To manufacture at scale, roasters need the financial capacity necessary to buy more raw materials to build inventory for new and greater sales – a costly endeavour not available to all. Having a food safety plan in place for contracts with a major food distributor is also often a requirement.

“Many small coffee companies are not familiar with good manufacturing practices, industrial hygiene, required food safety and preventative controls,” says Spencer. “As companies grow it is often the larger customers and business costumes that begin to require inspection certificates and third-party audits to verify operations and safety practices.” 

Becoming more financially literate and efficient is another prerequisite. Working with experienced partners, such as consultants and brokers, can assist with growth. However, this can present its own set of challenges.

“Our cost of entry into the coffee industry is very low compared to other industries, meaning business owners with little to no practical knowledge other than liking coffee,” he says. “This situation creates an amazing risk of failure for operational reasons.” 

Can growth lead to an identity crisis?  

Even as brand loyalty wanes in the face of consumers’ growing desires for convenience and easier access to a variety of brands, many roasters owe their success to a regular clientele that they’ve attracted through a particular identity or set of values built around the needs of local markets and customers.

As roasters pursue a way to expand beyond these small, more localised communities, there’s a risk that they’ll need to drastically change or abandon what makes them unique in order to cater to new demographics, such as brand principles or niche marketing. 

“Once you develop your company identity and quality personality, your growth should be guided by these principles. Sacrificing one or the other for the sake of growth will create confusion and challenge the reason consumers buy from you; because they know the company, the products, or the people,” says Spencer.  

While adapting some elements of business to cater new markets, roasters must still find a balance between satisfying new customers and maintaining what made them popular in the first place.

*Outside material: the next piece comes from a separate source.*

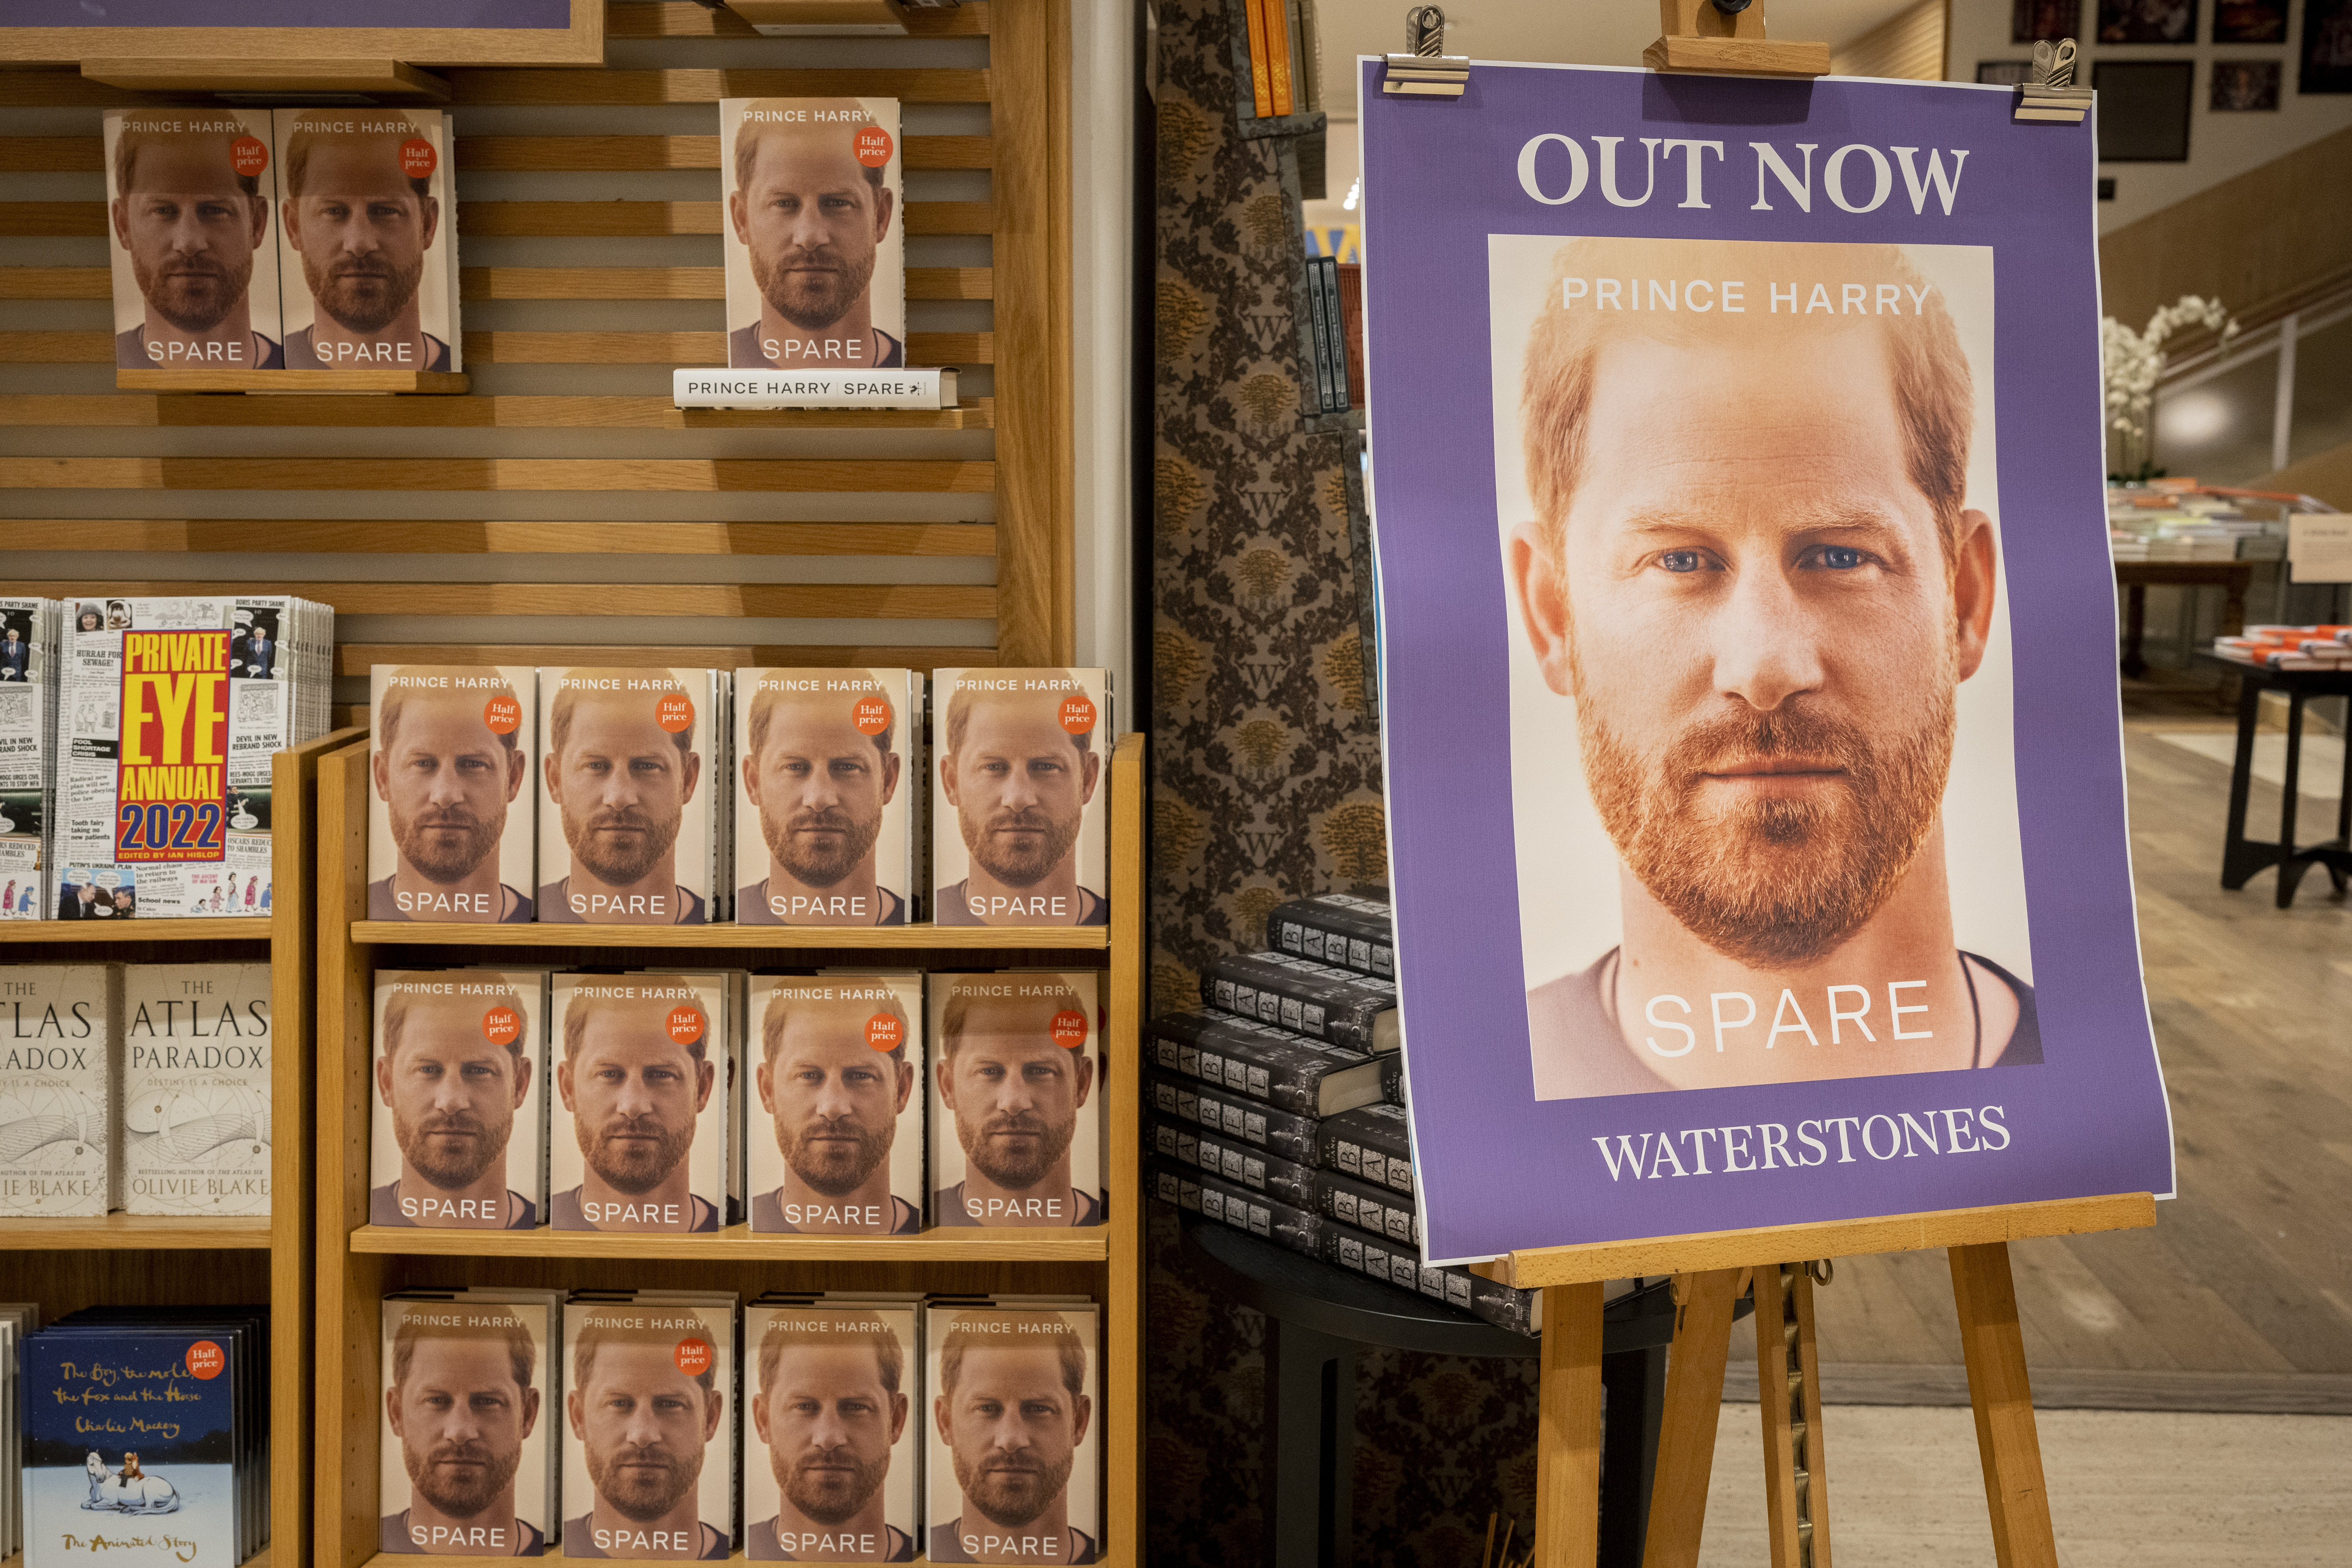 Copies of "Spare" and a poster at Waterstones bookstore in London, England on January 10, 2023 | Source: Getty Images

“Consistency builds trust, trust builds loyalty, and loyalty means repeat business – without a clear identity or quality message there is no consistency.”

Achieving this balance is just as important internally within a roasting business as it is externally. Although structural and staffing changes may be required to scale and grow into new markets, adaptation won’t happen overnight.

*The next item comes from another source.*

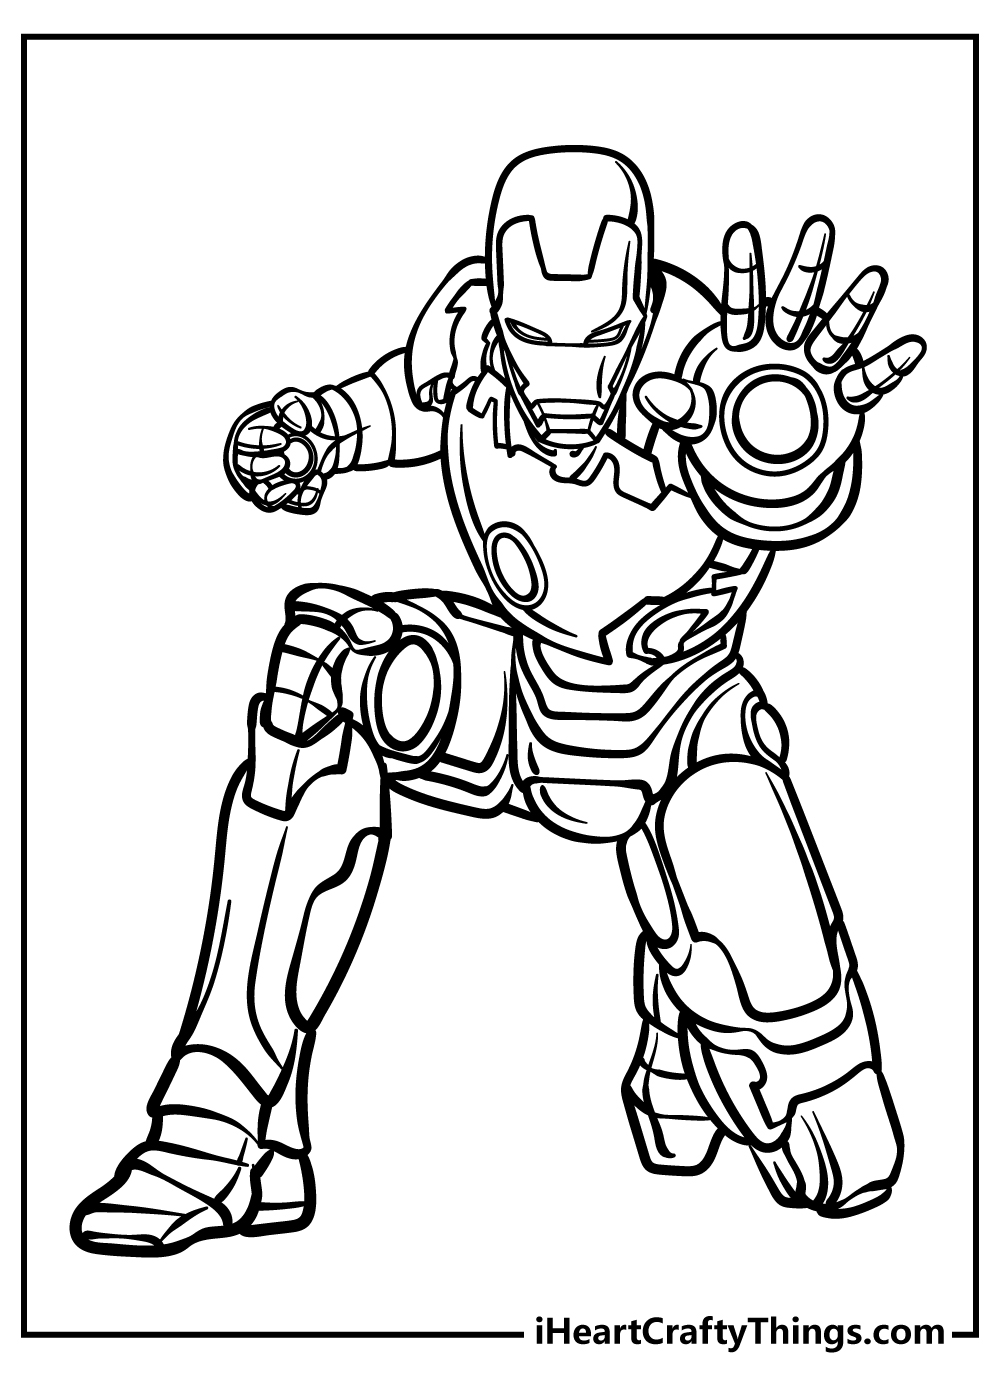 Avengers coloring pages free printables

“Decisions from small companies regarding local suppliers are usually guided by relationships and quality,” he says. “While the business grows and there is more emphasis on financial management and risk controls, the decisions from large companies regarding large suppliers have an emphasis on price and quality.”

While a growing number of roasters are looking to establish themselves in new locations or via new avenues of distribution, they need to remain vigilant of the challenges that lie ahead. 

What has worked well for them historically might not be the recipe for success in the future, and as they seek to adapt, they may lose what made them unique and successful in the first place.